The question the court will have to consider is whether the accuser in this case gave explicit "advanced" consent to any and all sexual activity while unconscious. We can't answer that question, because we don't have all the facts. The bigger question at play here is whether a woman can give legally meaningful "advanced" consent to sexual activity while passed out -- whether it be from choking, drinking or lord knows what else. Clearly, the answer the Supreme Court gives will set a profoundly important legal precedent. If the answer is "yes," a man accused of raping a woman who is passed-out-drunk could claim that she gave "advanced" consent to sex by drinking so much and getting into bed with him. Wait, who am I kidding, those arguments are already made all the time! But such a verdict could certainly give those defenses additional legal weight. It could also make for a defense in marital rape cases -- a husband could argue that his wife, being his wife, had given advanced consent. (Again, an already popular argument.)

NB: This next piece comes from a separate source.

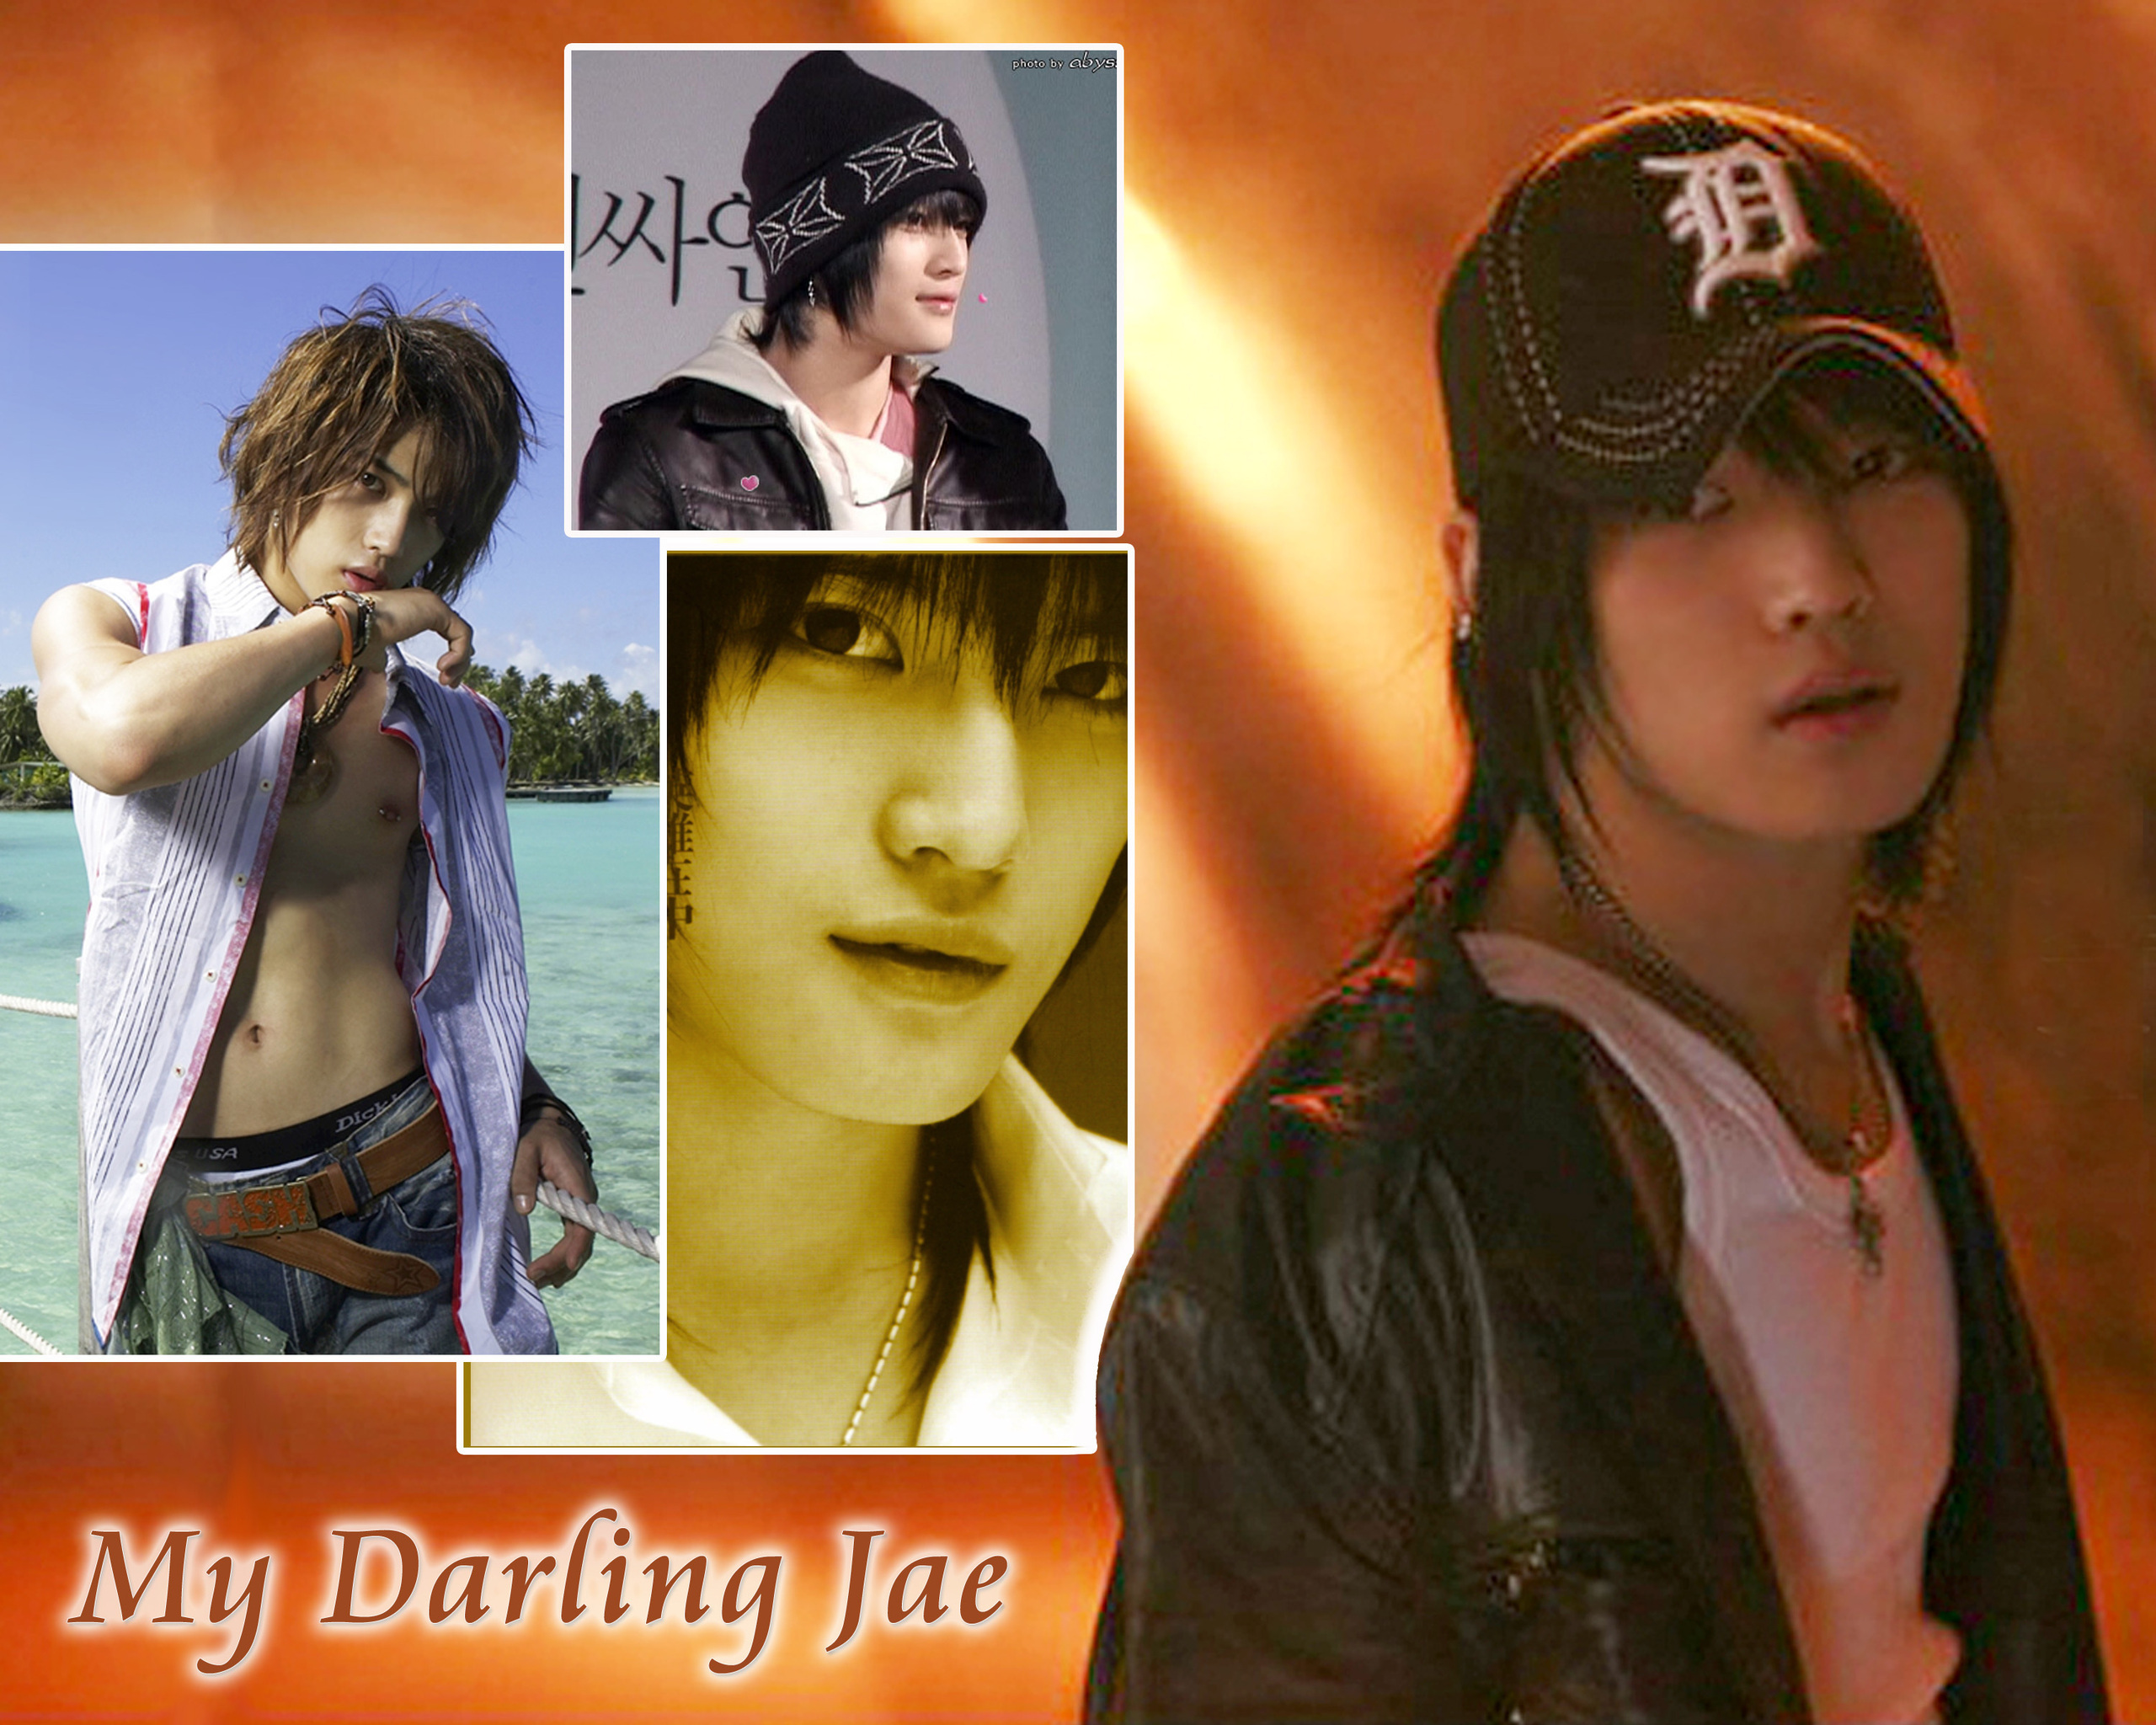 Jae darling

If the court rules in the negative, some say it will hurt couples' freedom to experiment with kinky sex. The imagined scenario is one where a woman says that she wants her partner to choke her until she passes out and then have sex with her. But the BDSM community subscribes to the mantra "safe, sane, and consensual." Erotic asphyxiation, especially to the point where someone passes out for an extended period, is not safe; it's incredibly dangerous and potentially deadly. Everything in the S&M world -- from safe words to "slave contracts" -- are designed to avoid any uncertainty about consent. In this particular case, the accuser's argument isn't that she consented to being choked and sodomized while unconscious; the argument is that she consented to the former but not the latter. You could just as easily speculate that a conviction in this case would be a reaffirmation of the values of the BDSM community.
Whatever the court decides in this particular case, the most important thing is that it upholds the fact that, as the Women's Legal Education and Action Fund urged in a letter, "a woman has an absolute right to change her mind about consenting to sexual activity at any point during the sexual encounter if she no longer wishes it to take place."